There are more than 7,000 languages ​​in the world, but Google, for example, only offers its translation tool for just over 130 of them.

The Californian company is counting on technological advances to build its new model of artificial intelligence, such as the possibility of working not only from texts available on the internet, but also from videos, images and words. .

The group also seeks to collect a wide range of audio extracts from the various communities, especially for languages ​​for which there is not necessarily a lot of writing.

As the project progresses, which will take several years, Google plans to integrate its progress into its products, including YouTube, its digital keyboards and its translation tool, in order to facilitate the use of services available online in the language. mother tongue of internet users and enable them to find relevant content.

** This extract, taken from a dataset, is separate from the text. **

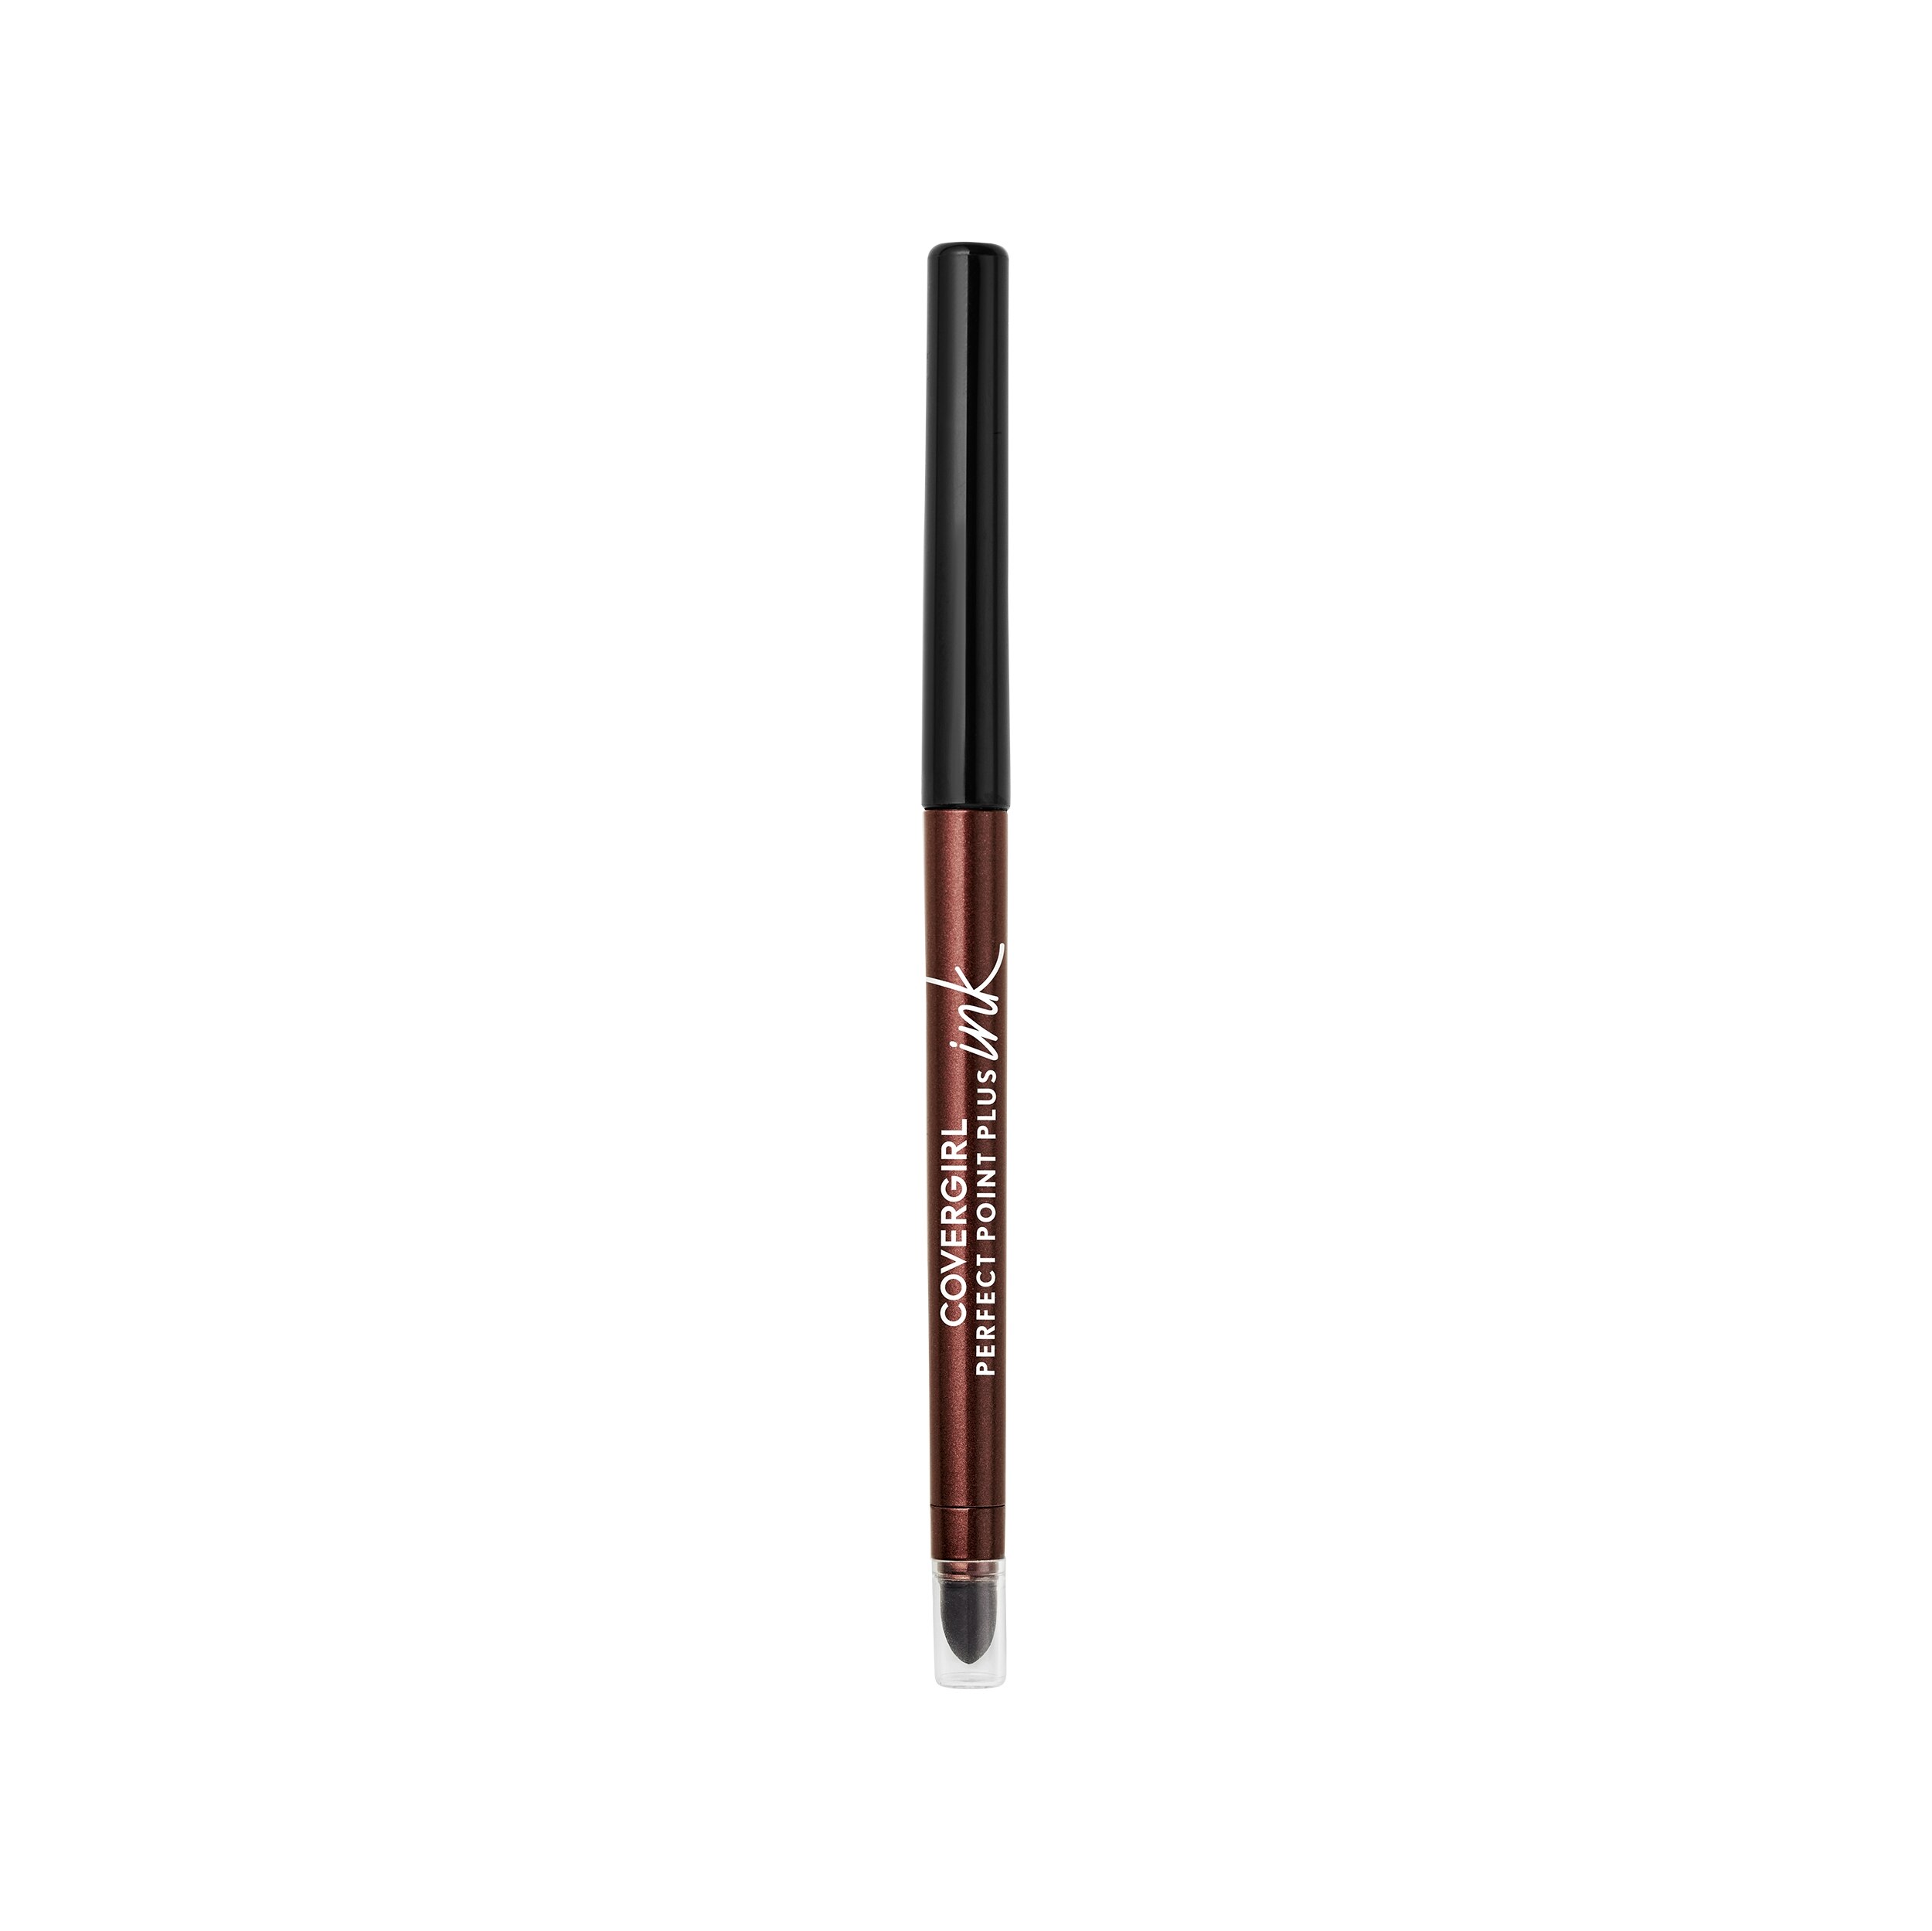 Covergirl Perfect Point Plus Ink Gel Eye Pencil

Among the other advances made possible by artificial intelligence, Google has also developed tools making it possible, from satellite images, to identify and monitor forest fires in real time.

The company then makes this information available on Google Map and on its search engine, thus helping to warn populations of the danger and the emergency services to predict how the fires can evolve and spread.

This service is now available in the United States, Canada, Mexico and parts of Australia.

The initiative builds on a project launched in 2017 to help warn people of potential floods, which last year sent 155 million notifications to 23 million people in India and Bangladesh.

Google announced on Wednesday that this service was extended to 18 additional countries, in South America, Asia and Africa.